Что касается царя, то он был у них «первым среди равных». Никакого принципиального
Само собой разумеется, что в свете таких представлений церемониал проскинезы казался совершенно невозможным. Когда эллины ближе познакомились с восточными обычаями, именно коленопреклонение вызвало наиболее резкий протест. И даже ложная «греческая интерпретация» (толкование чужого в духе греческих представлений), находившая в этом акте проявление «уважения к богам», ничего не могла изменить: эллины продолжали смотреть на этот обычай с презрением. Именно отсюда рождалось их высокомерие, их презрение к миру рабства с точки зрения мира свободы — позиция, которую с готовностью заняли и македоняне, после того как причастились эллинской культуры.
Когда Александр милостиво принял в свое окружение иранских вельмож, то для них проскинеза казалась вполне естественной: владыка выступал как преемник Ахеменидов и новый Великий царь. Разумеется, они совершали коленопреклонение с благородной сдержанностью, не боясь при этом македонских насмешек. Македонян это все равно раздражало: они не хотели видеть согнутыми перед Александром даже и спины персов. Получилось, что при дворе были заведены два церемониала, а это вступало в явное противоречие с провозглашенным равноправием иранских и македонских вельмож в новой империи. Долго так продолжаться не могло.
Проще всего было запретить коленопреклонение восточным подданным. Македонские вельможи, как и греки, этого, вероятно, и ожидали, но, как оказалось, напрасно. Александр не только терпел проскинезу: она ему явно нравилась. И тогда родилась страшная догадка: царь не только одобряет эту церемонию, но ожидает ее и от своих приближенных-европейцев. Вскоре это уже стало очевидным, так как Гефестион и некоторые другие приближенные царя начали агитировать за проскинезу.
Что же заставило Александра добиваться осуществления своего замысла через ближайших друзей? Было рискованно испытывать силу и могущество царской власти, отважившись на введение подобного обычая.

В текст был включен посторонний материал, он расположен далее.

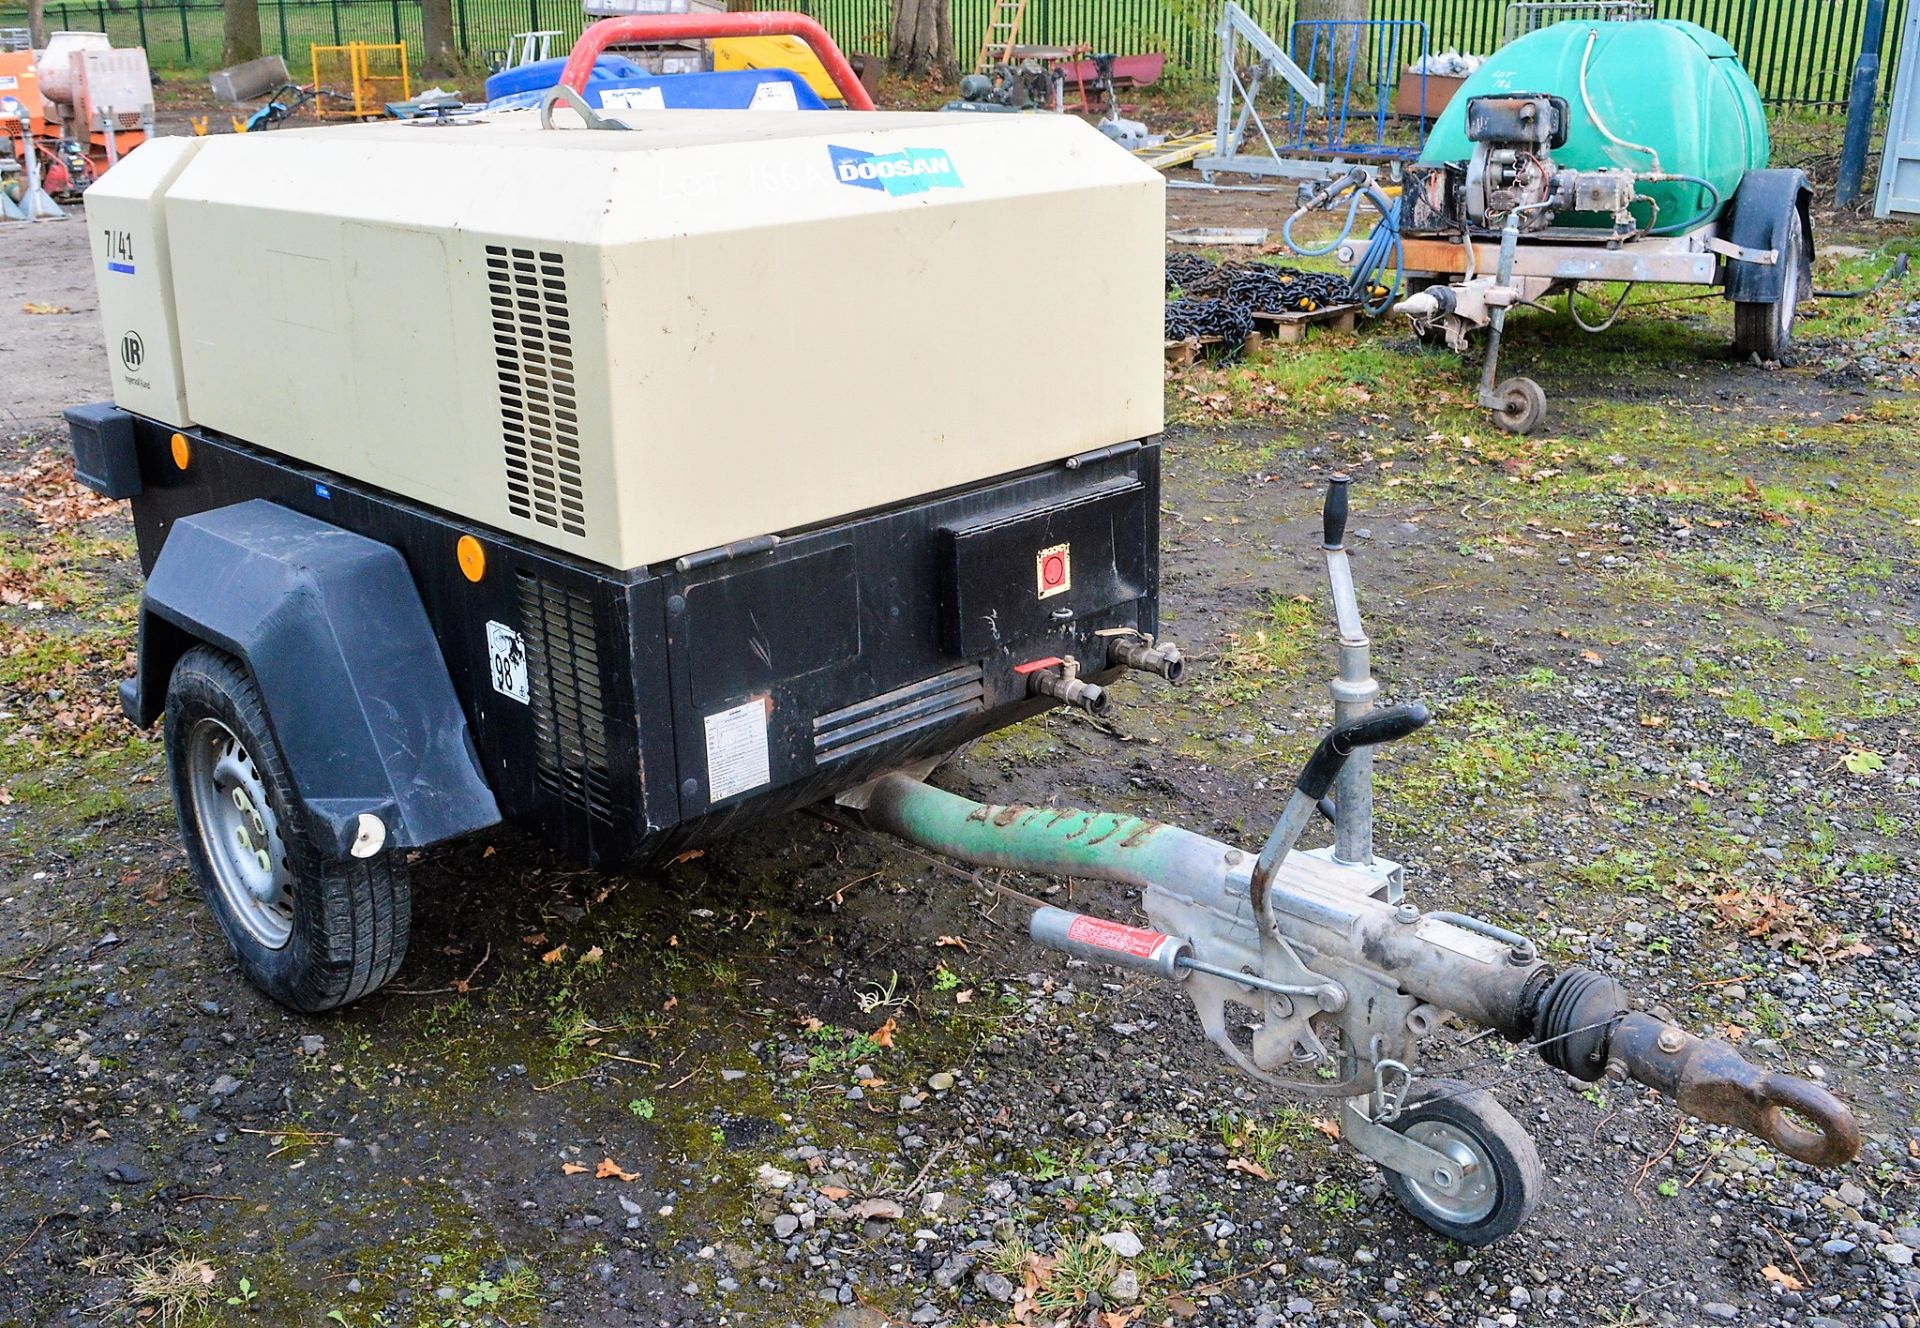 Doosan 741 diesel driven mobile air compressor Year: 2012 S/N: 431251 Recorded Hours: 731 A577337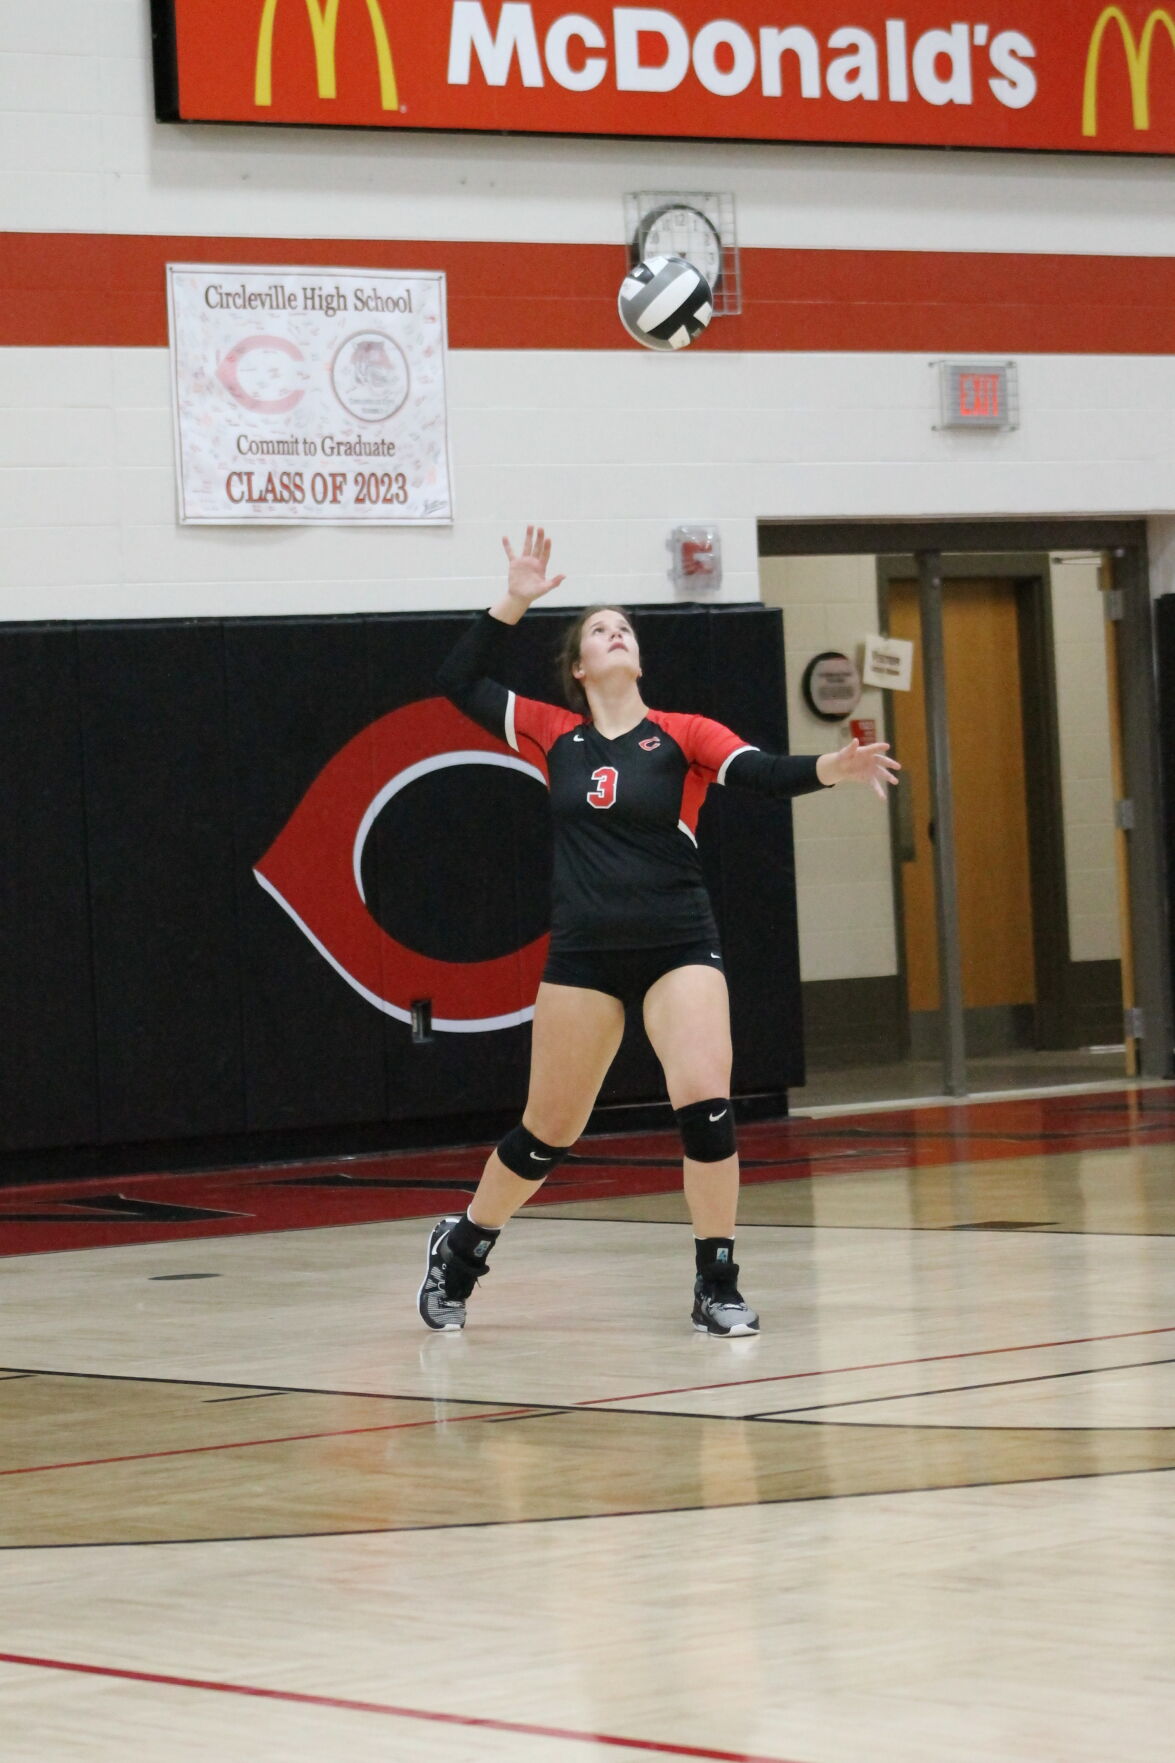 Circleville defeats Teays Valley 3-0 and looks ahead to Circleville Invitational

Можно предположить, что царь руководствовался следующими соображениями: он стремился сблизить культуры Востока и Запада, как бы привести их к единому знаменателю, потому что ни в чем так не различалось их мироощущение, как в их отношении к проскинезе. Признание или неприятие проскинезы было символом противостояния мира свободного миру рабства. Это-то противостояние Александр и хотел уничтожить, вводя проскинезу равно для македонян и греков, прежде принадлежавших к миру свободных.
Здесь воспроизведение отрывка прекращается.